Since moving on, playing in South Carolina for college and moving on here to Dallas, they each bring on their own experiences. But I would say that Georgia soccer was the first step for me and what helped me fall in love with the game.
Jon: How would you best describe the soccer community of Atlanta? Obviously, with MLS coming online next season, it’s the biggest step you can take in an organized sense.
Walker: I would say “diverse” and “growing.” I mean, there’s SO many youth clubs and academy teams now. There’s just a lot of talent. You look at colleges now and, if they visit Atlanta, they’re going to find a lot of talent there. That’s what they have been doing. With all the teams and all the clubs, there’s certainly a lot of potential in Atlanta. Hopefully, with the MLS team coming, it will continue to grow and be a main hub for young soccer players in the US.
Jon: And for Atlanta to be a top soccer community and/or destination as it takes its next steps, let’s say you’re “King For A Day”, what would you do to make it happen?

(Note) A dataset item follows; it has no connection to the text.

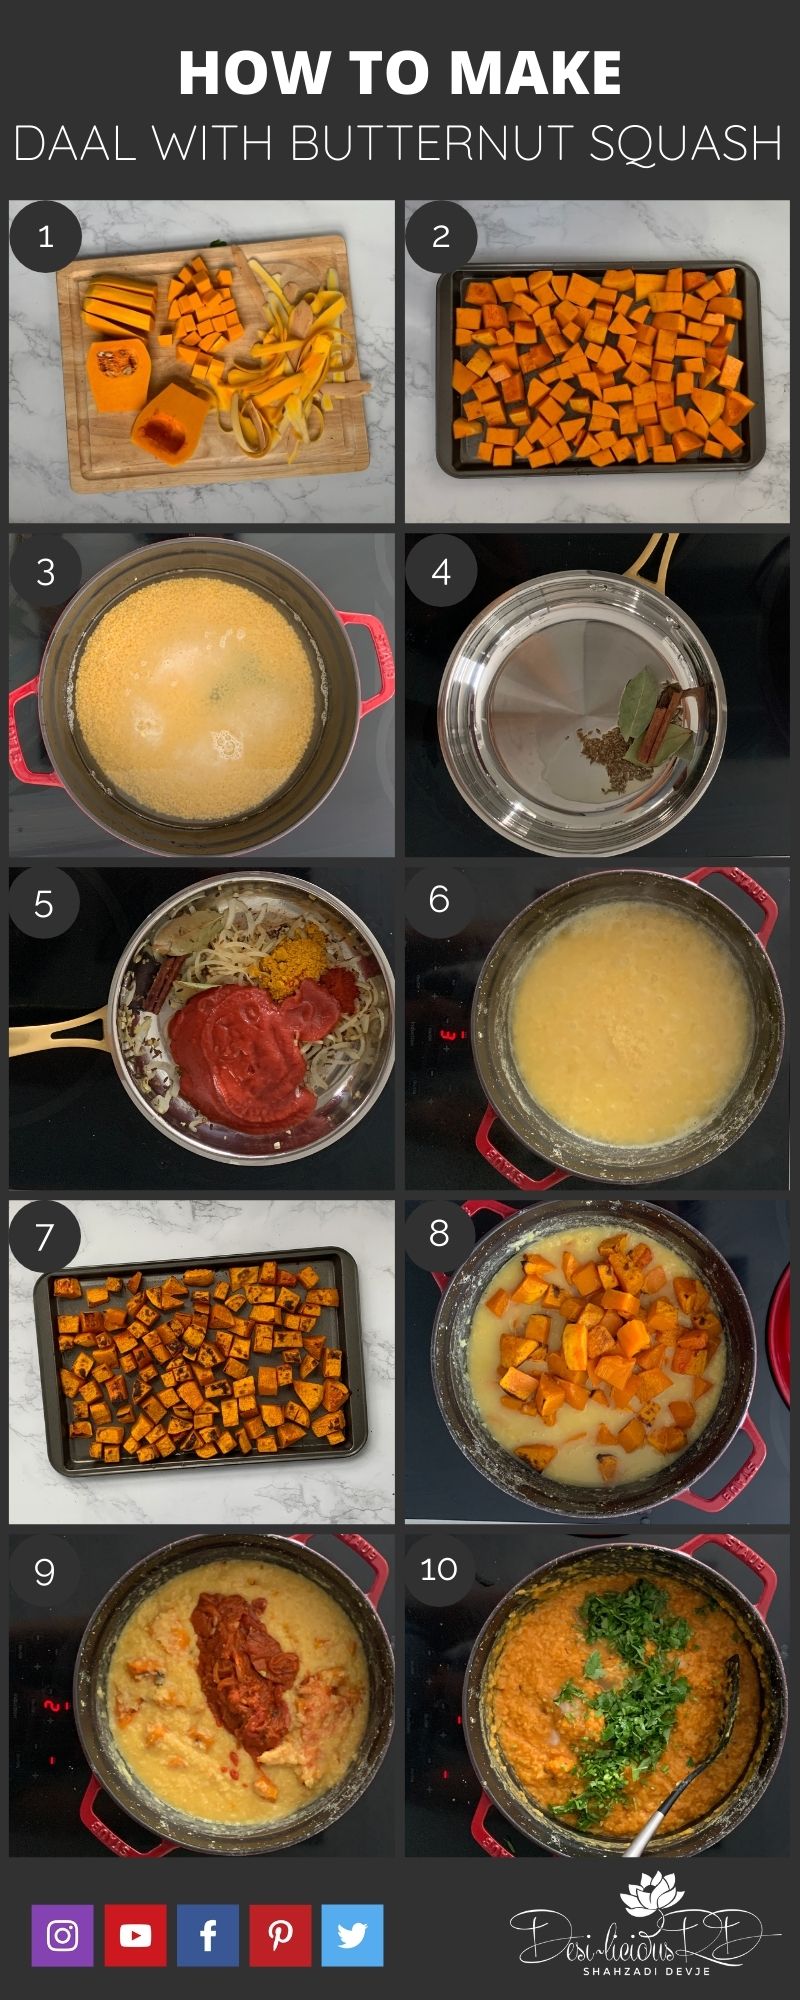 step by step preparation shots of how to make daal (aka yellow mung daal)
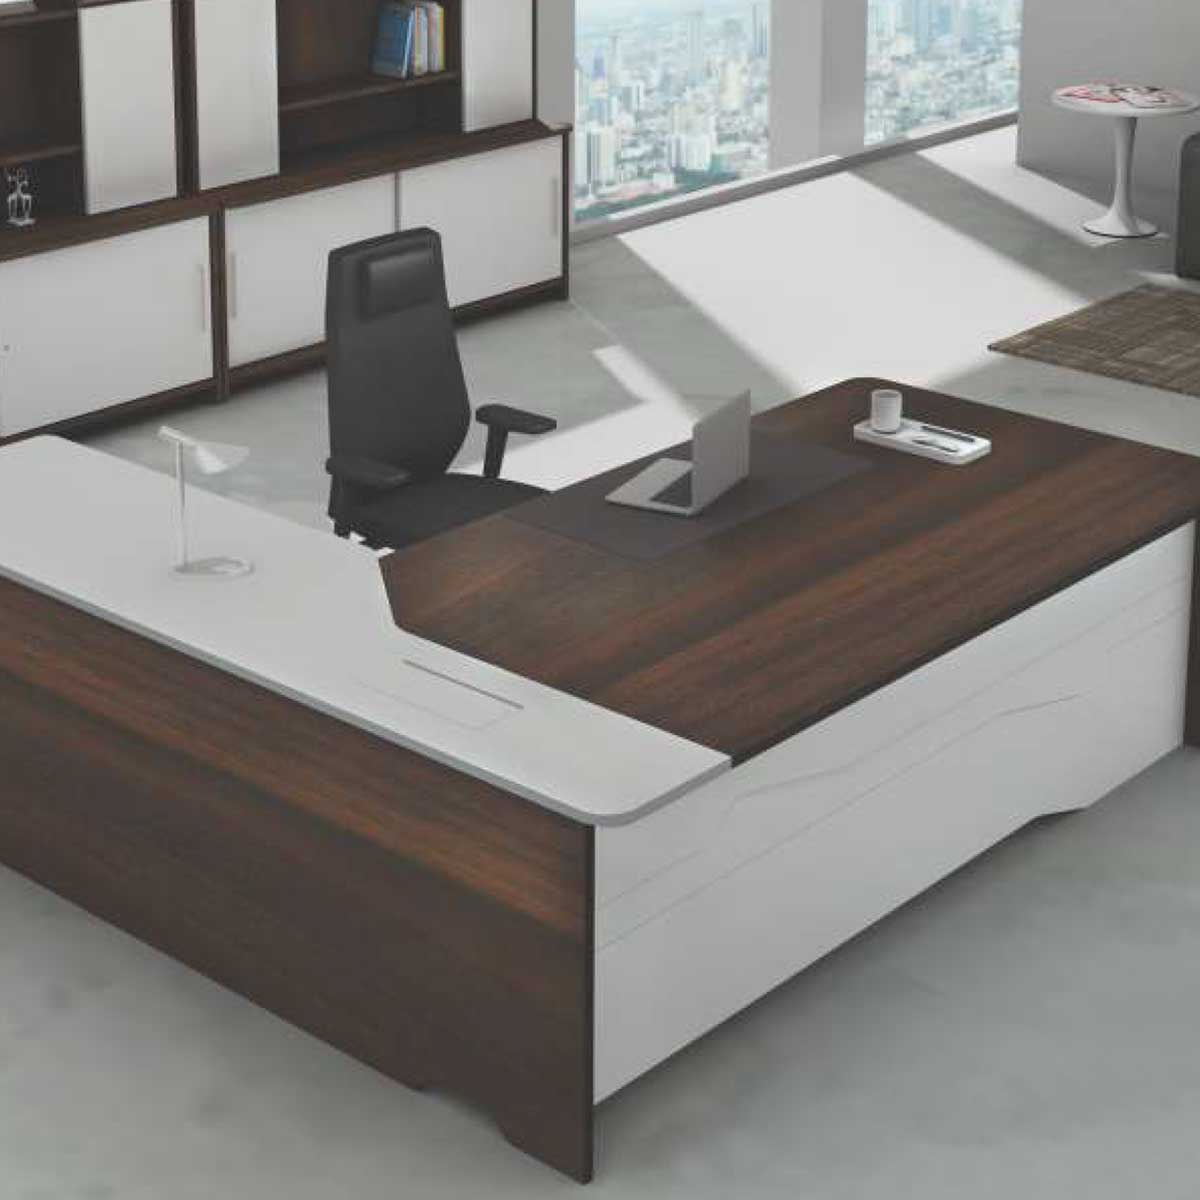 Manager Table Manufacturers, Suppliers in Noida Sector 100

Walker: I would try to reward the fans, especially for Atlanta United. Just because you look at some of the major teams in MLS and look at their fan bases, that’s really what grows the club as well. To have a fan base that sticks with you, especially in the early years, whether you’re doing well or not doing well, the fans are going to have to stick with them and be unique and show just a crazy level of support in order for the team to take off the way that it could and the way that it should.